_Recorded information_

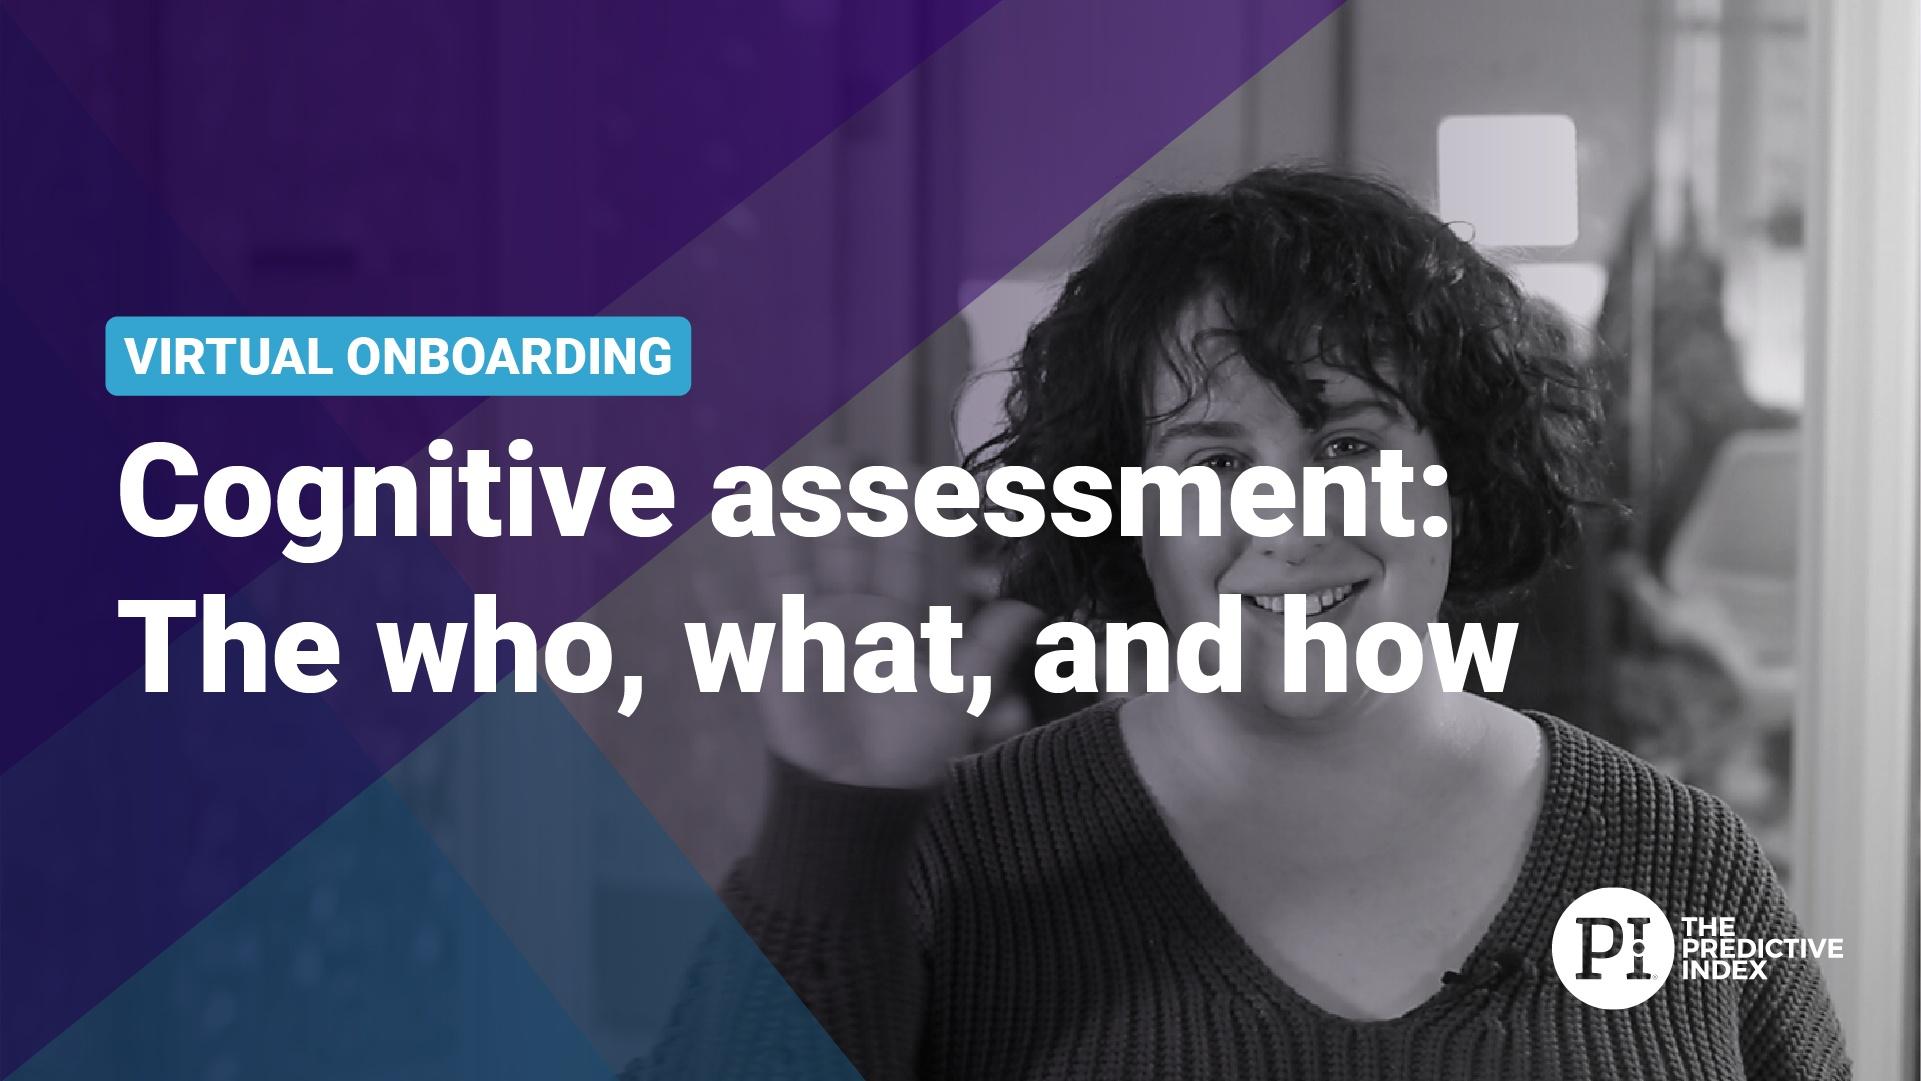 Virtual Onboarding | PI Cognitive Assessment
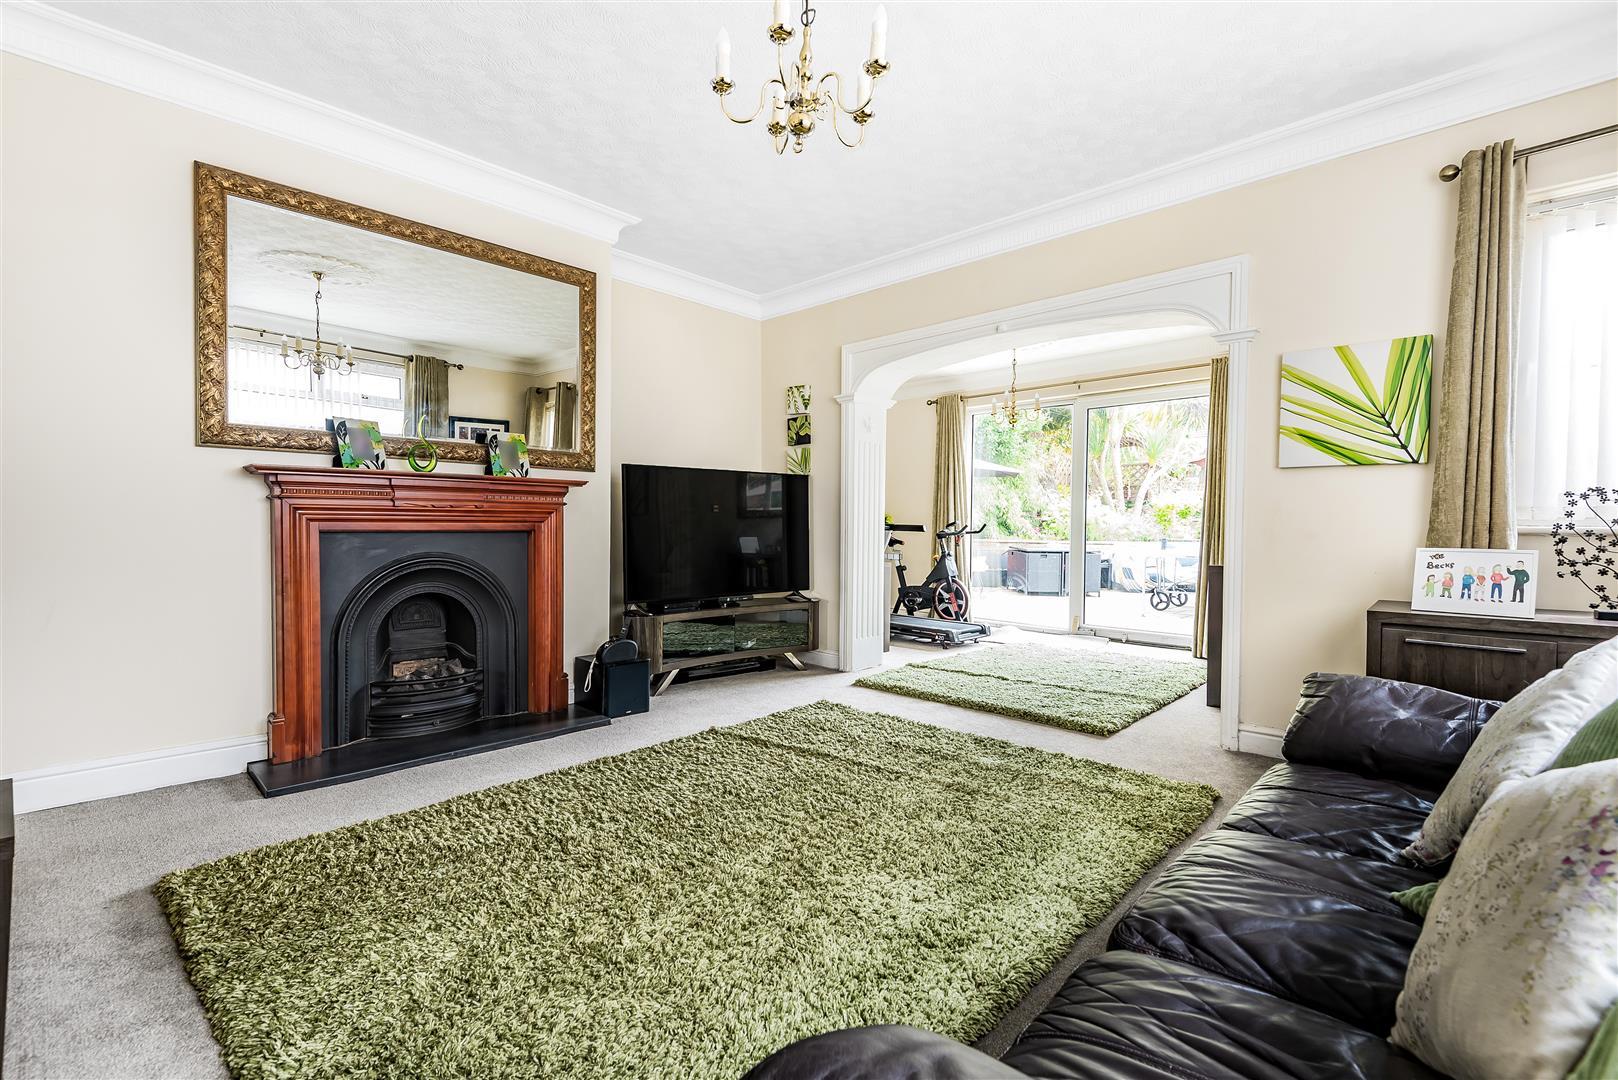 Clasemont Road, Morriston, Swansea, SA6 6BT
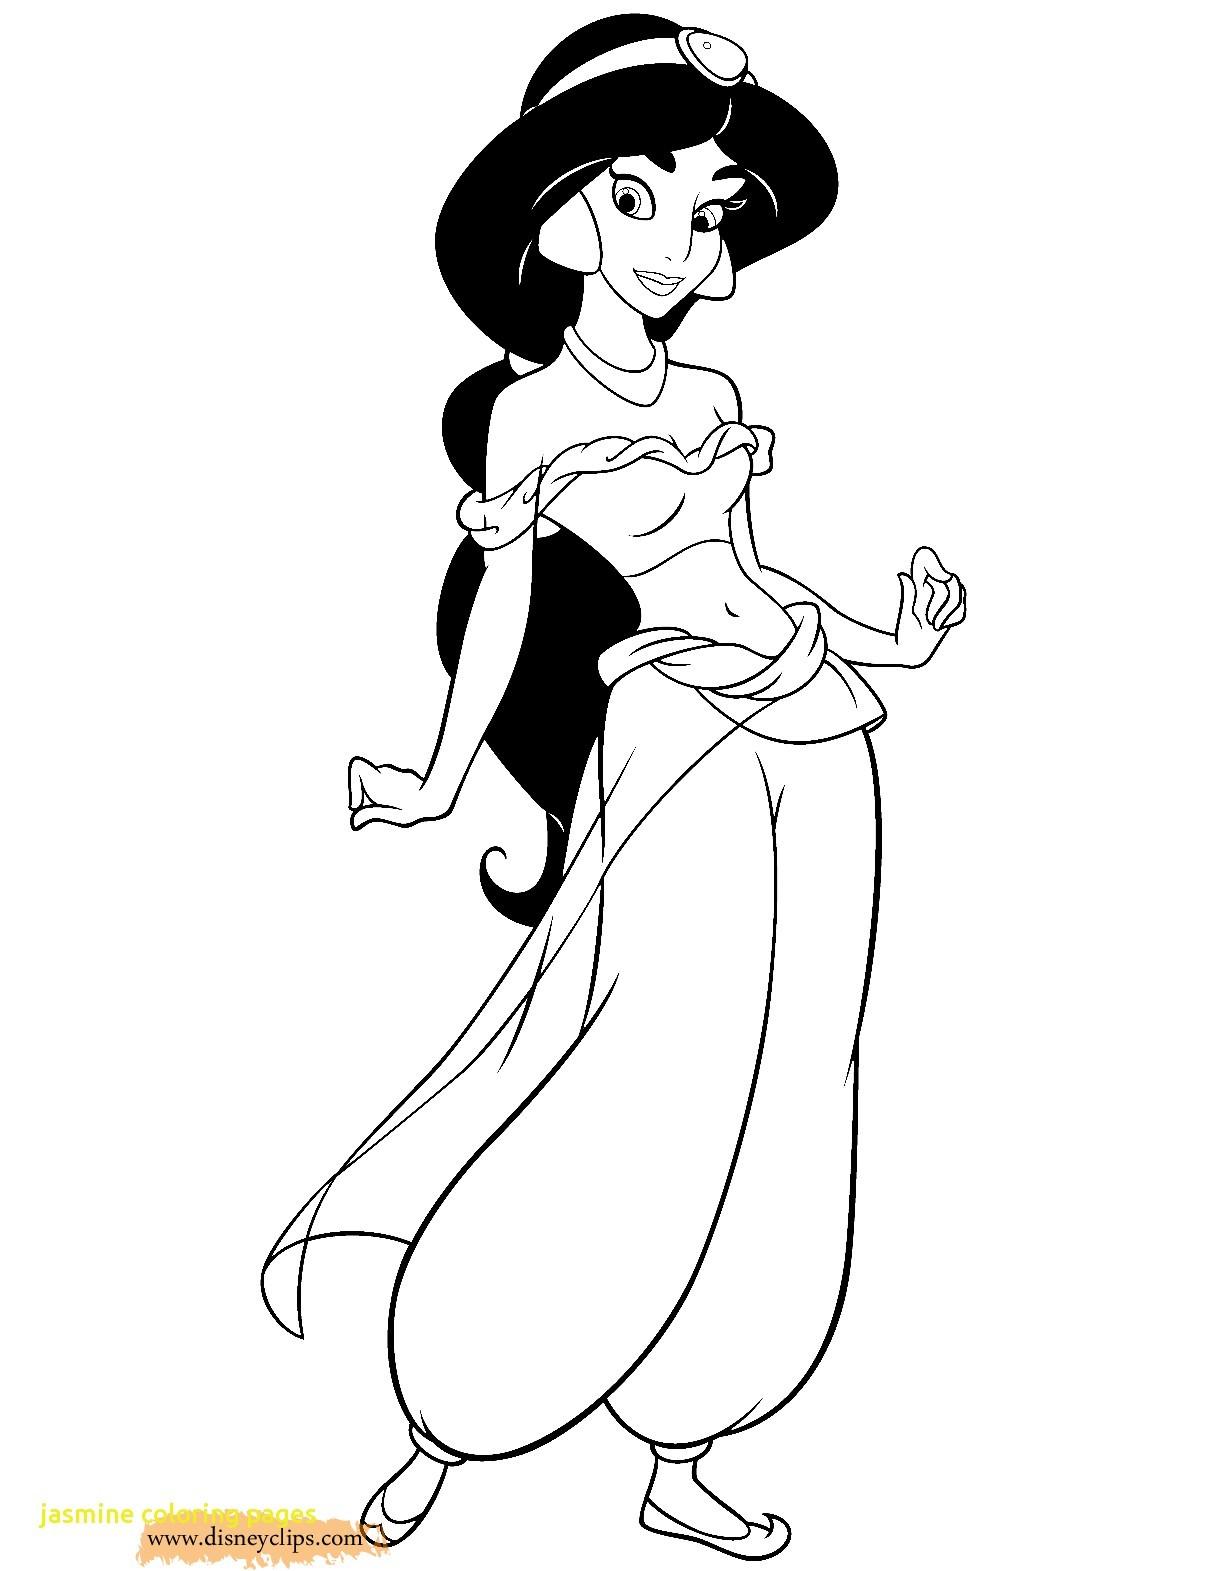 1229x1571 Fresh Jasmine And Aladdin Coloring Pages Free Copy Jasmine

_Brief_
No pictures should appear in the copy. Print exactly the lines above from the line containing "Clasemont Road, Morriston, Swansea, SA6 6BT" through the last line of the data.

_Task response_
 Clasemont Road, Morriston, Swansea, SA6 6BT
 1229x1571 Fresh Jasmine And Aladdin Coloring Pages Free Copy Jasmine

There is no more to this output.